Four bags from the new spring-summer collection call to mind Il Bisonte’s connection to Florentine gardens. Let’s start with Giovanni Michelucci’s Roseto.
There is a villa in Fiesole called Il Roseto. Well the garden is, at any rate. A villa «is a rose, is a rose, is a rose» someone – Gertrude Stein – would have said. The American poet visited Fiesole in 1903. She didn’t see the villa; it wasn’t there. Did she see the roses?

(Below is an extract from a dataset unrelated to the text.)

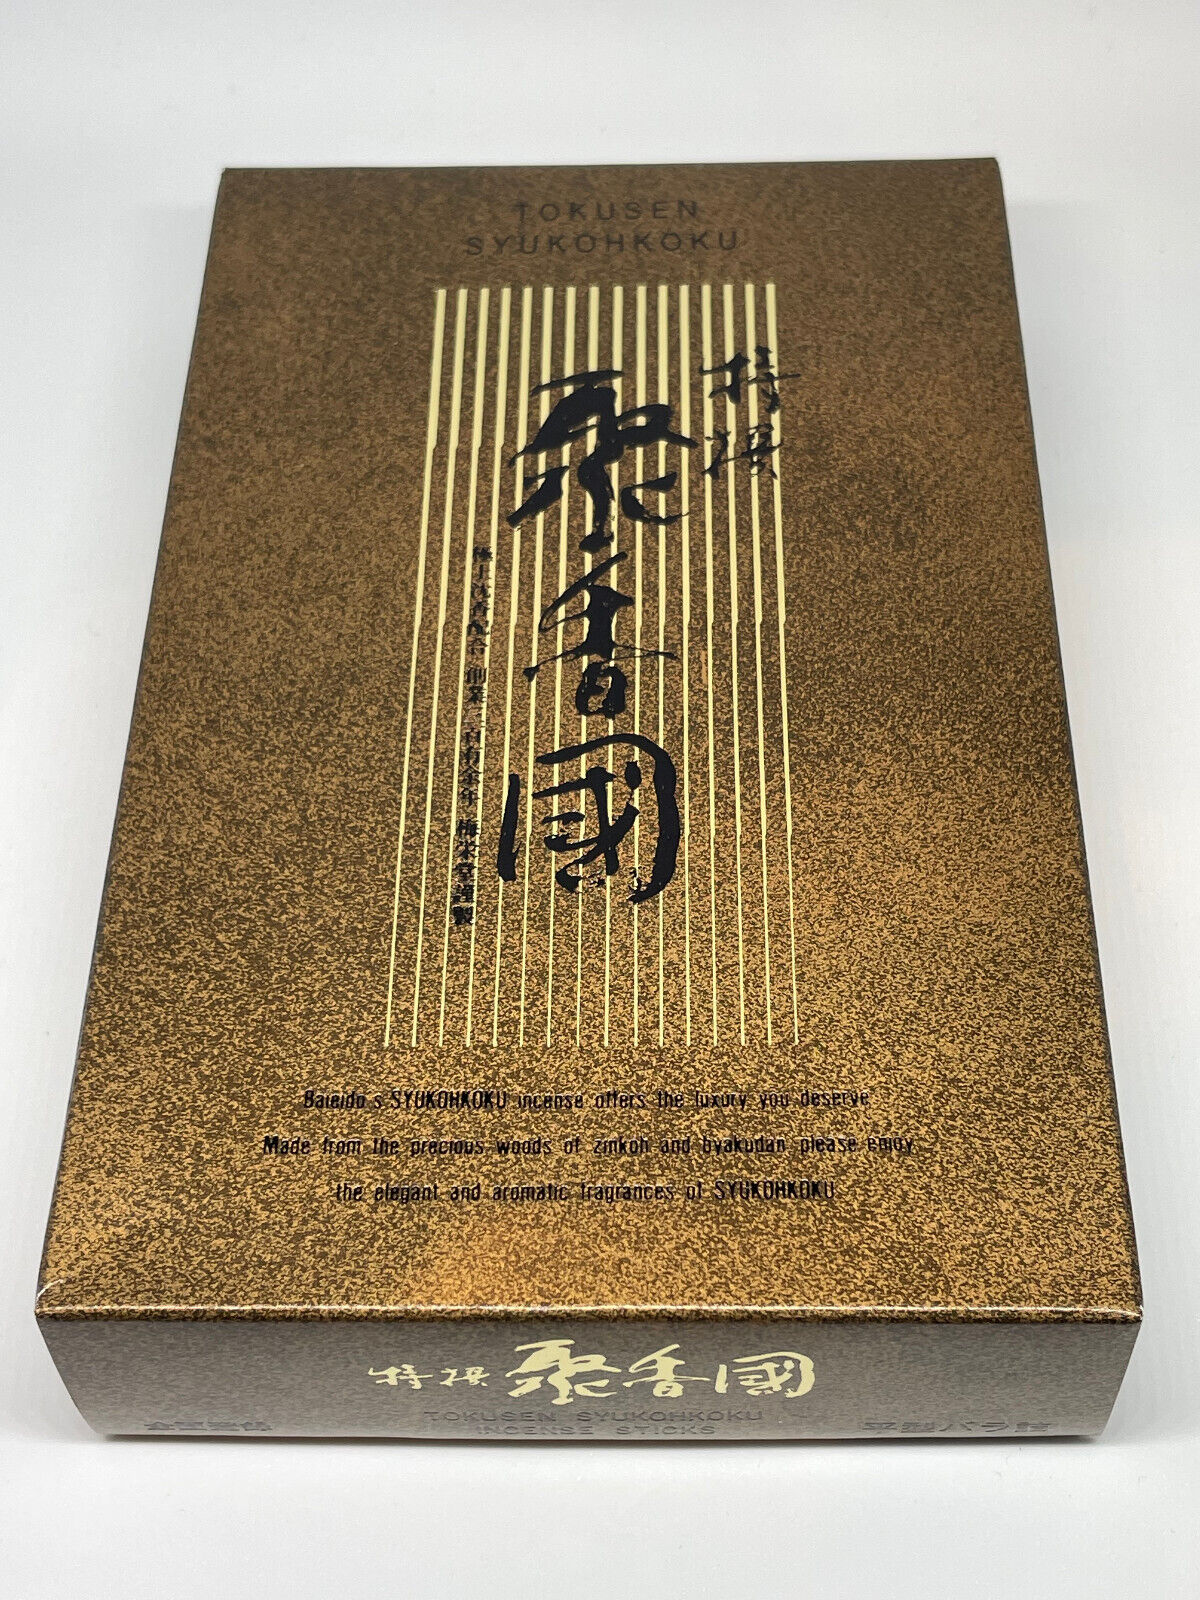 Baieido Japanese Incense - Tokusen Shukohkoku Flat Box  - US Seller

At the end of the 1950s, Giovanni Michelucci and his wife Eloisa Pacini moved into the Roseto. To a layman, Michelucci’s architectural work might seem to accurately describe certain uninhabited villages and valleys: he built «more churches than houses.»
MICHELUCCI’S (AND ELOISA’S) GARDEN
He was one of the greatest twentieth-century Italian architects. You wouldn’t know it though, from the house he chose. Very simple, traditional. Maybe he chose it for the garden. The house cautions us that quality can’t be measured by appearance alone. And it invites us to stroll around it.

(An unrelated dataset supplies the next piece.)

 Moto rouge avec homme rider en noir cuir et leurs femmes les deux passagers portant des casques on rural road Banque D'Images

THE SS23 BAGS PAY HOMAGE TO GARDENS (AND ELOISA)
Let’s take a tour, then. What can you see? Florence. Florence, down at the bottom of the hill, spread out over the plain, and past a number of other gardens. Though it’s far away, it might seem from Michelucci’s villa that the entire road to Il Bisonte’s city is dotted with gardens. Beauty within beauty.
Four of these gardens lend their names to four bags in our brand’s new spring-summer collection. They are a tribute, among other things, to beauty as understood by Giovanni Michelucci and Eloisa Pacini. (Which of the two tended the garden?)